According to a 2023 report from the US Centers for Disease Control and Prevention, about 18% of American adults use some form of sleep medication, with 6.3% reporting daily use and 2.1% using it most days. But are all sleep medications equally effective and safe?

CNN wellness expert Dr. Leana Wen, an emergency physician and associate professor at George Washington University, weighs in on the topic. She highlights the importance of sleep for overall health, citing studies linking inadequate sleep to conditions like diabetes, obesity, hypertension, and cardiovascular disease.

When it comes to medical treatments for sleep, Dr.

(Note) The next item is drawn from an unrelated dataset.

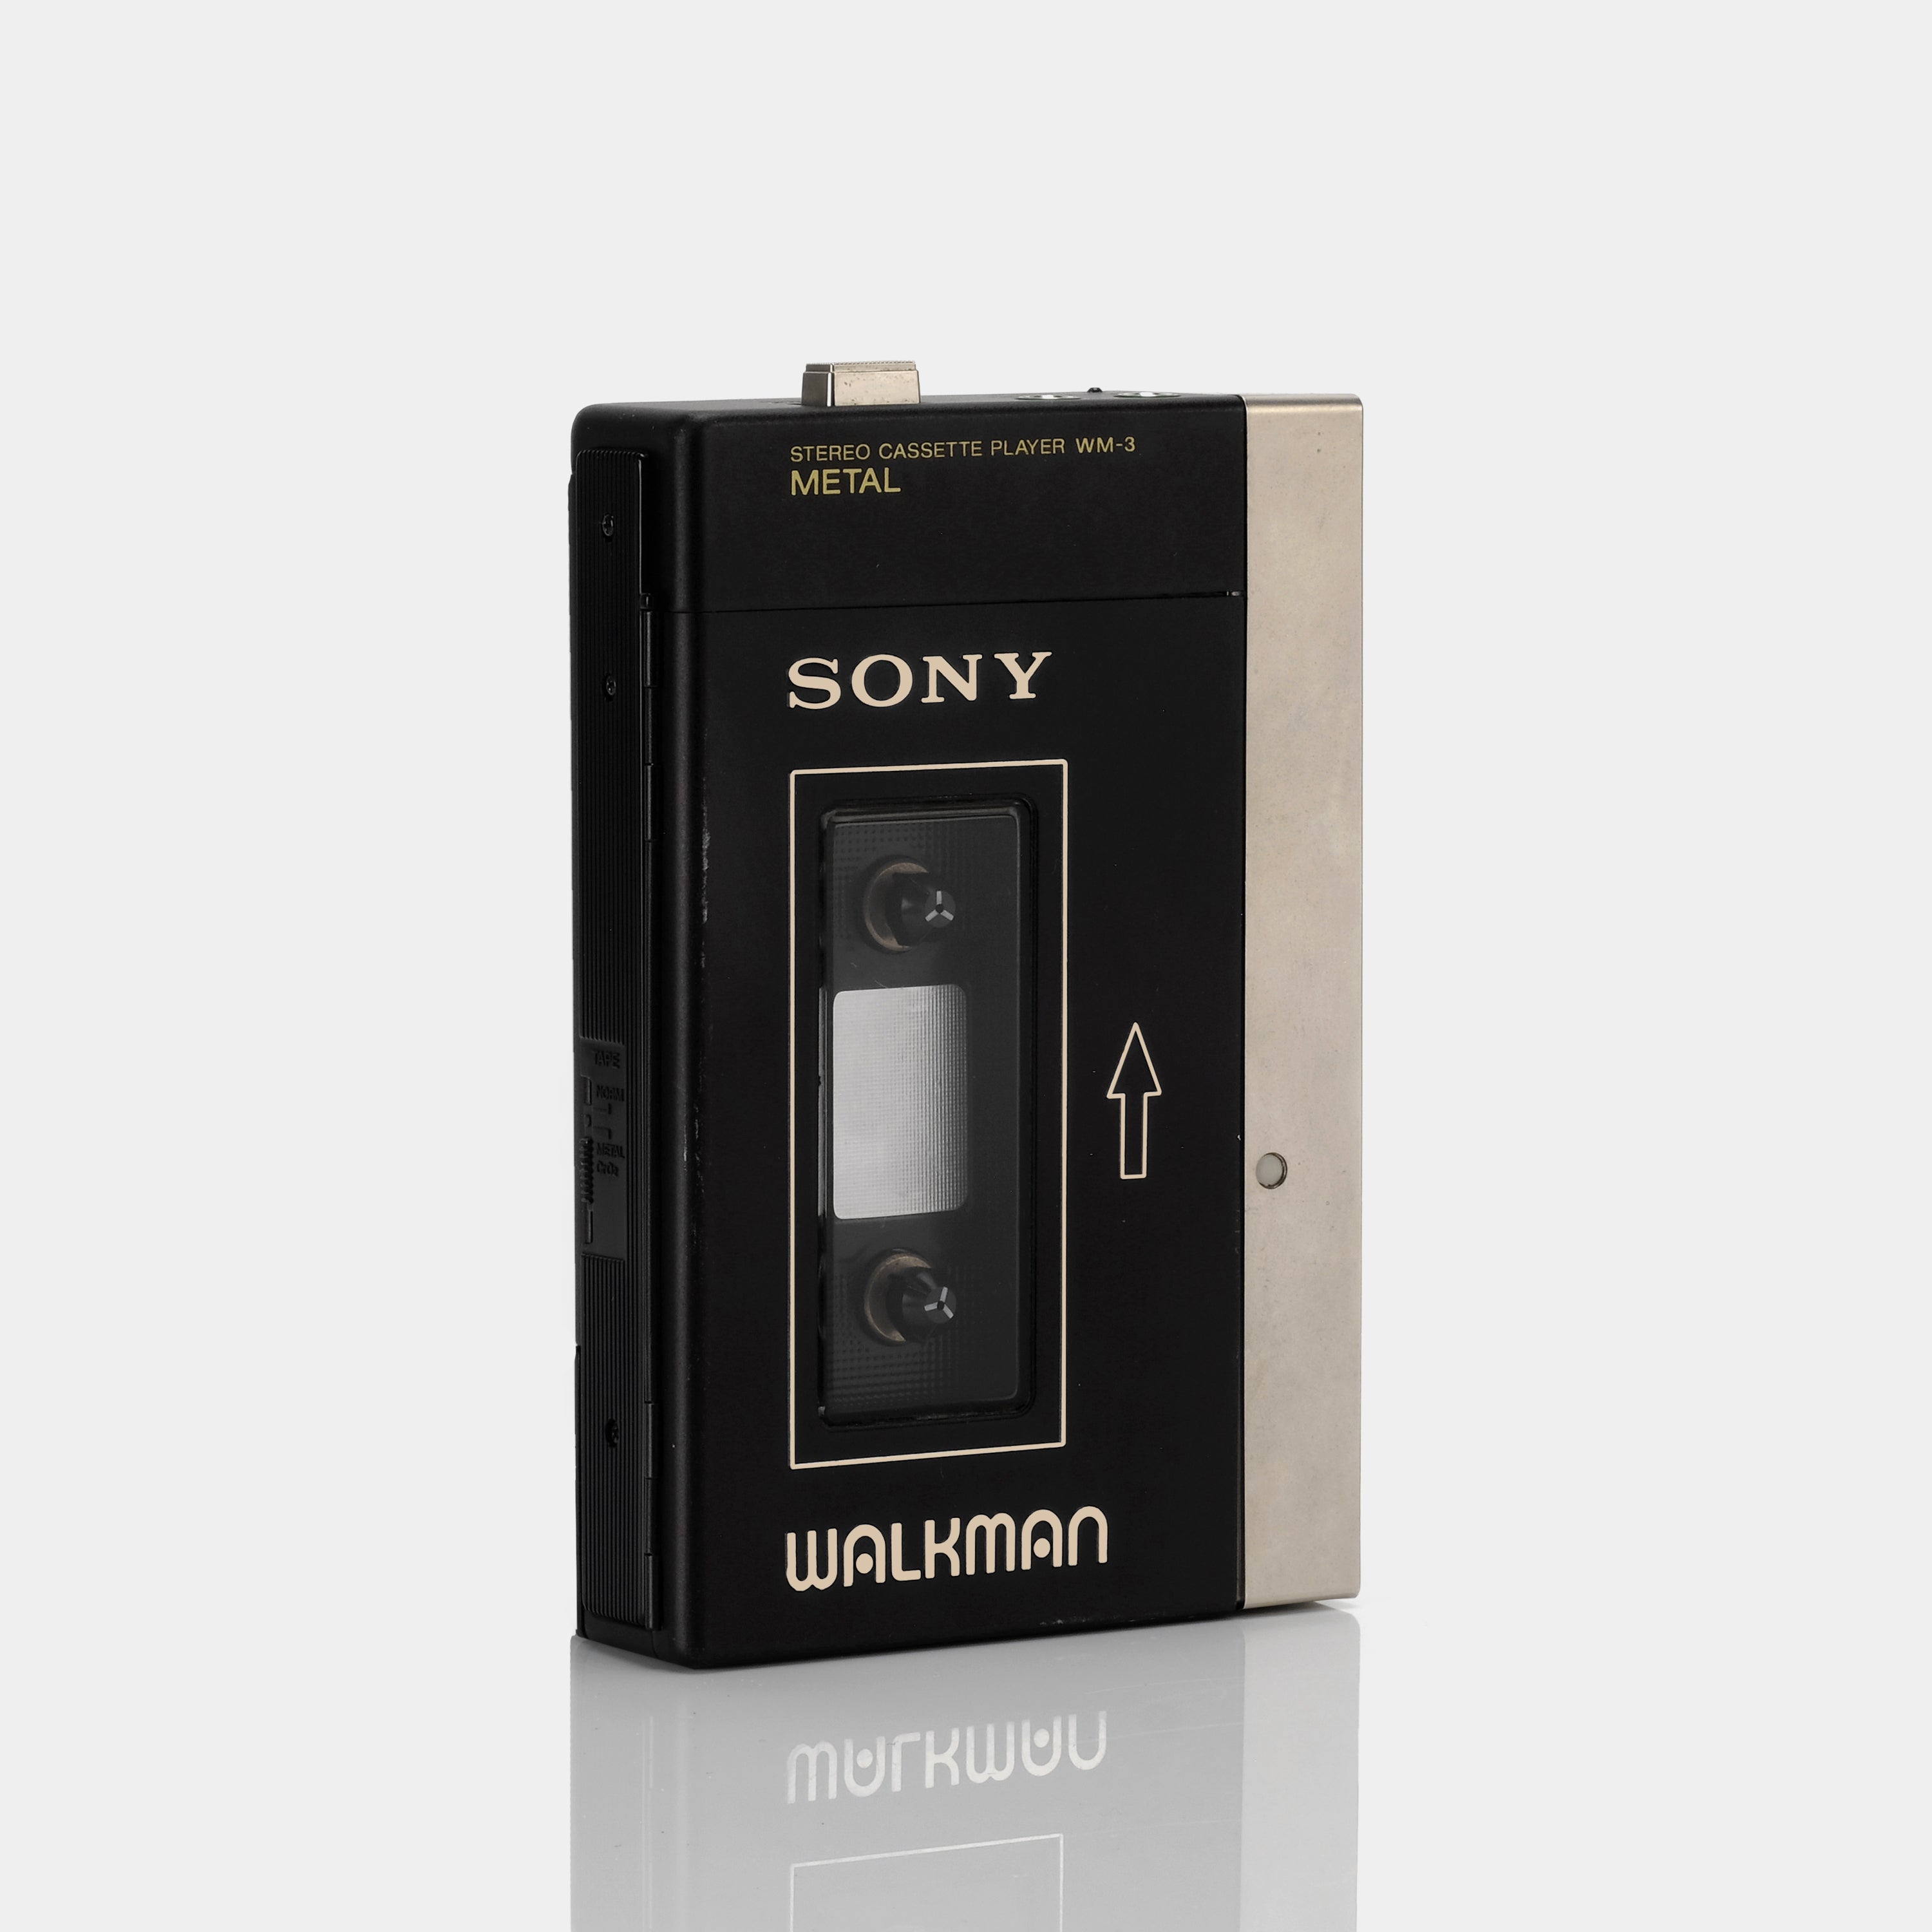 Sony Walkman WM-3 Portable Cassette Player

Wen points out that while various medications, both prescription and over-the-counter, are available, they can come with significant side effects and should be used cautiously. She cautions against assuming that over-the-counter medications are always safer than prescription options, noting potential risks associated with common remedies like antihistamines.

Dr. Wen also addresses the popular use of melatonin as a sleep aid, explaining its role in regulating the body’s internal clock and its potential benefits for certain individuals. However, she advises caution in using melatonin supplements, as they are not regulated in the same way as prescription medications.

Regarding non-pharmaceutical approaches to improving sleep, Dr. Wen emphasizes the importance of assessing underlying factors contributing to sleep issues. She suggests lifestyle changes such as maintaining a consistent sleep schedule, creating a conducive sleep environment, and engaging in relaxation techniques like yoga and acupuncture.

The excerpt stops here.